### [Work to be completed]
From the line containing "ES-Quote-Argentina-SandraDiaz-8M-UNW" down to the last line of the listing, quote everything word for word, and nothing else, keeping pictures out.

### [Data extract]
___
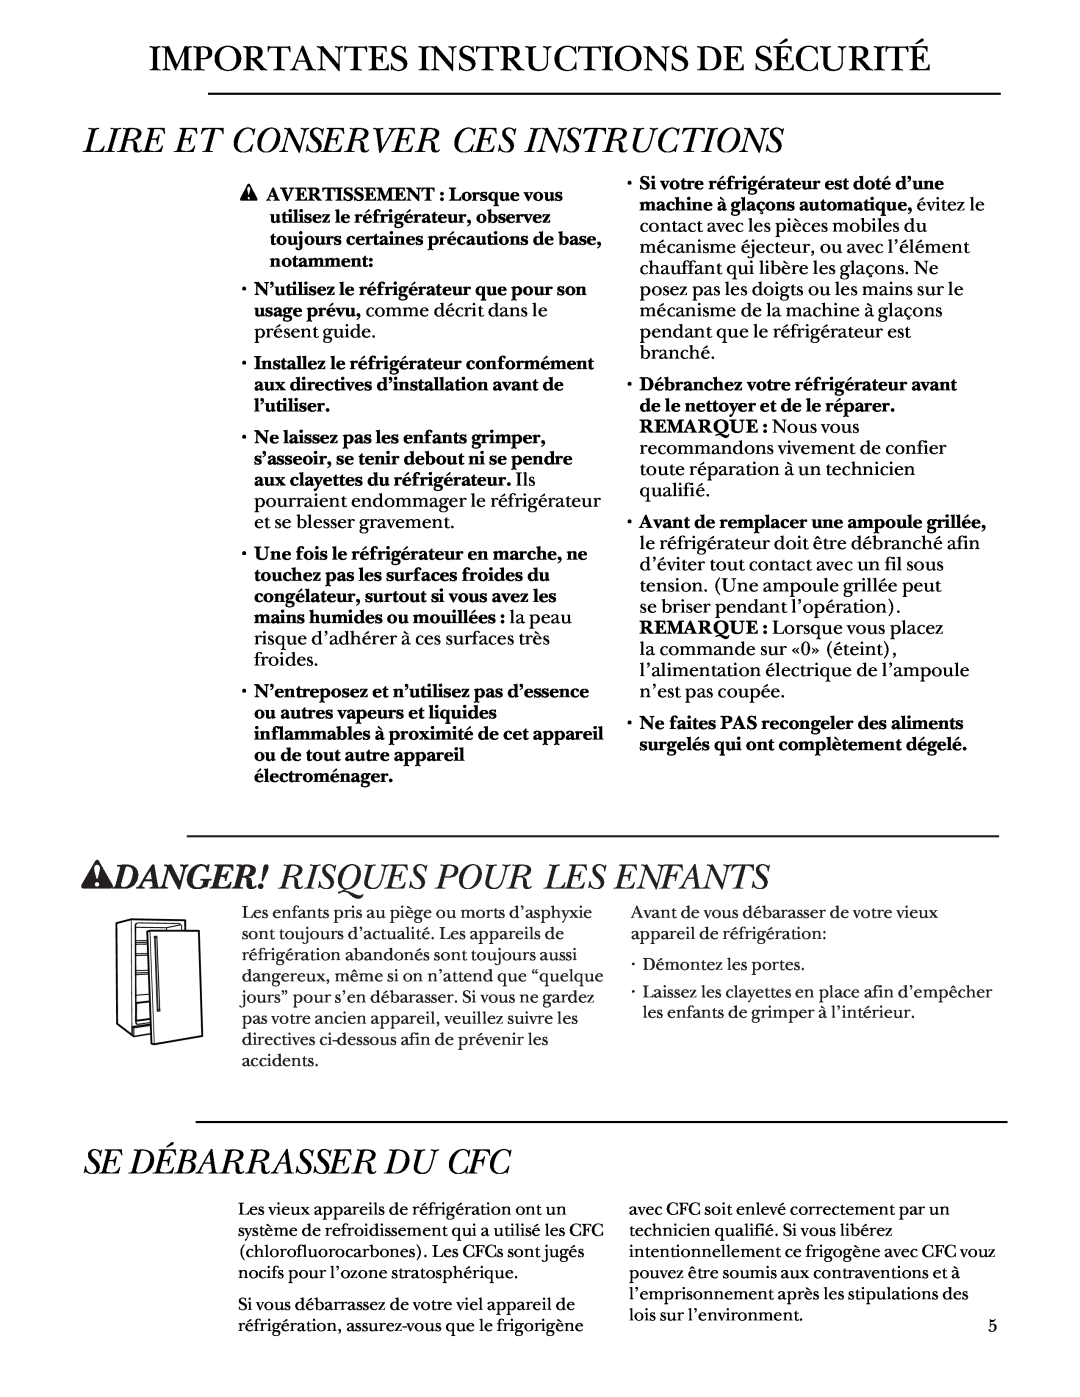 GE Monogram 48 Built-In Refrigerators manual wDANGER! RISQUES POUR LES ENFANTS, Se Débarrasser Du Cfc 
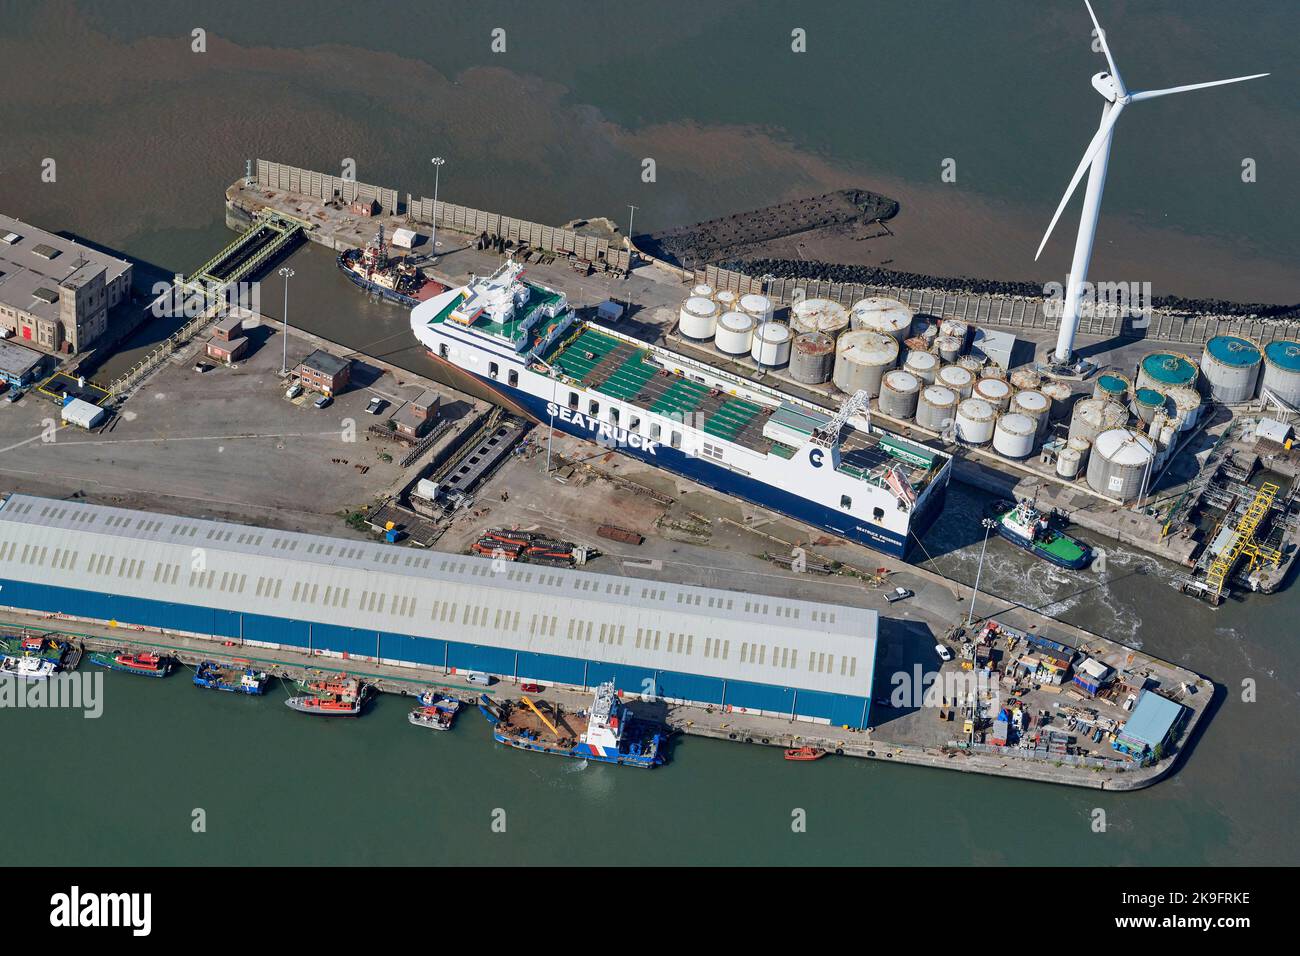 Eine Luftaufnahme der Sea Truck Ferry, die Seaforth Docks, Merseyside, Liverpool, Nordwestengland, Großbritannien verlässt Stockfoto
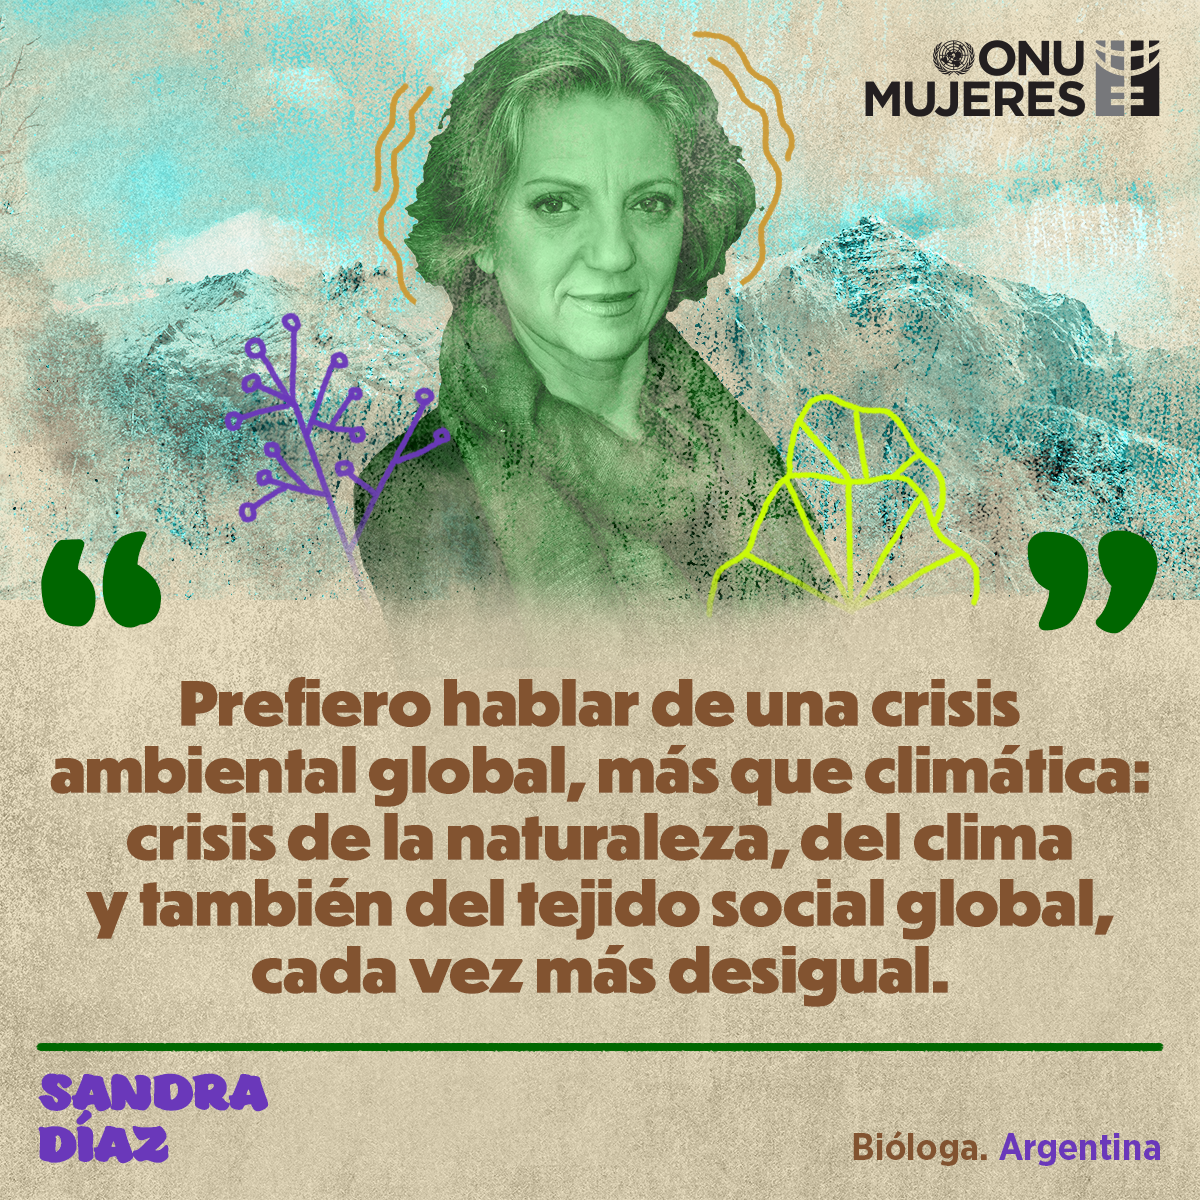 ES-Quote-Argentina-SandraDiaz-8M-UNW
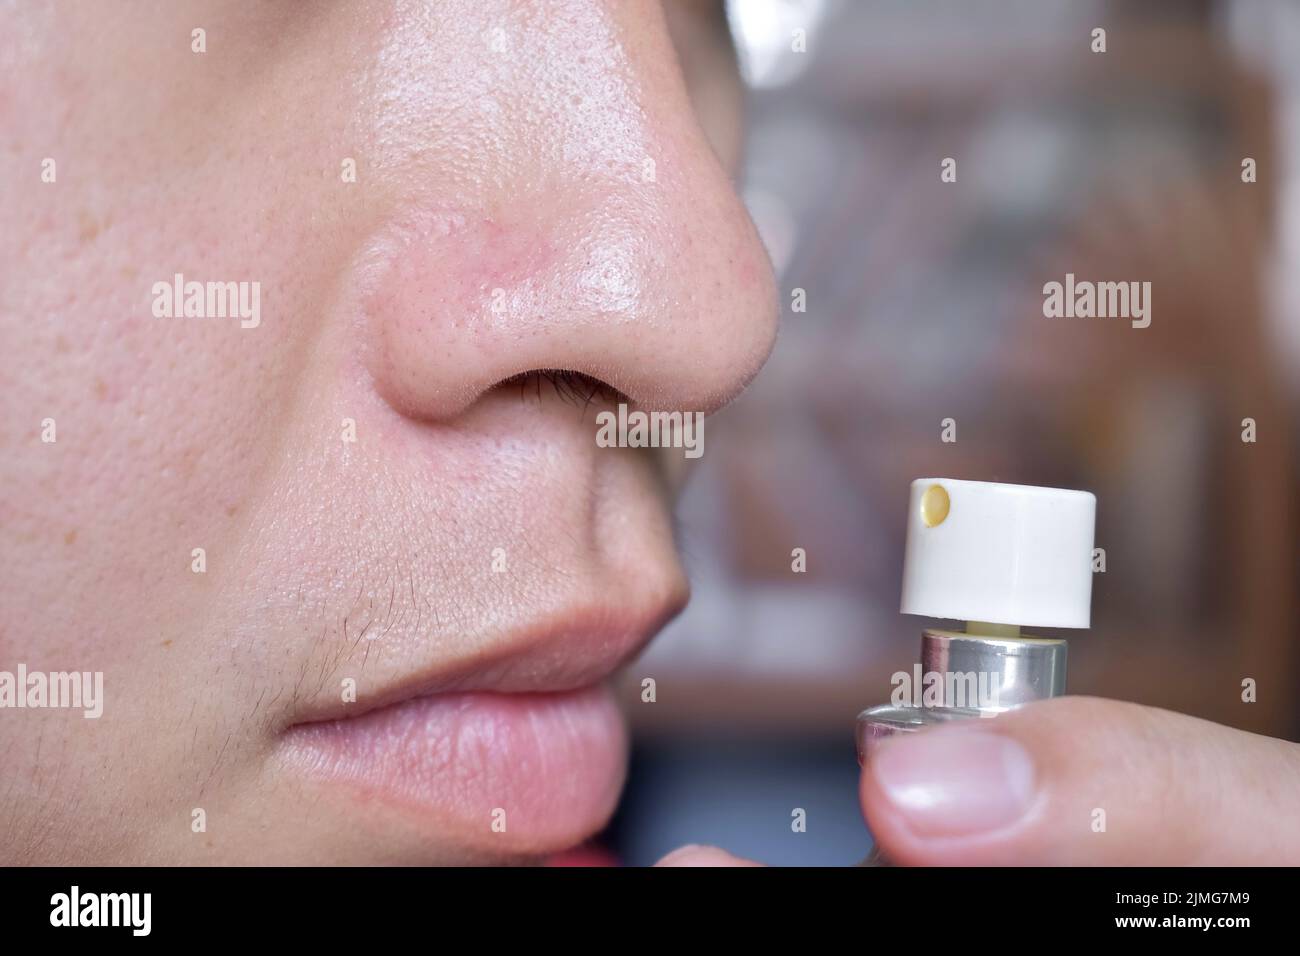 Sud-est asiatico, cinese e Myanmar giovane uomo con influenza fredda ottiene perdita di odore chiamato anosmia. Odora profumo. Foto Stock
___
### [Your solution]
 ES-Quote-Argentina-SandraDiaz-8M-UNW
 Sud-est asiatico, cinese e Myanmar giovane uomo con influenza fredda ottiene perdita di odore chiamato anosmia. Odora profumo. Foto Stock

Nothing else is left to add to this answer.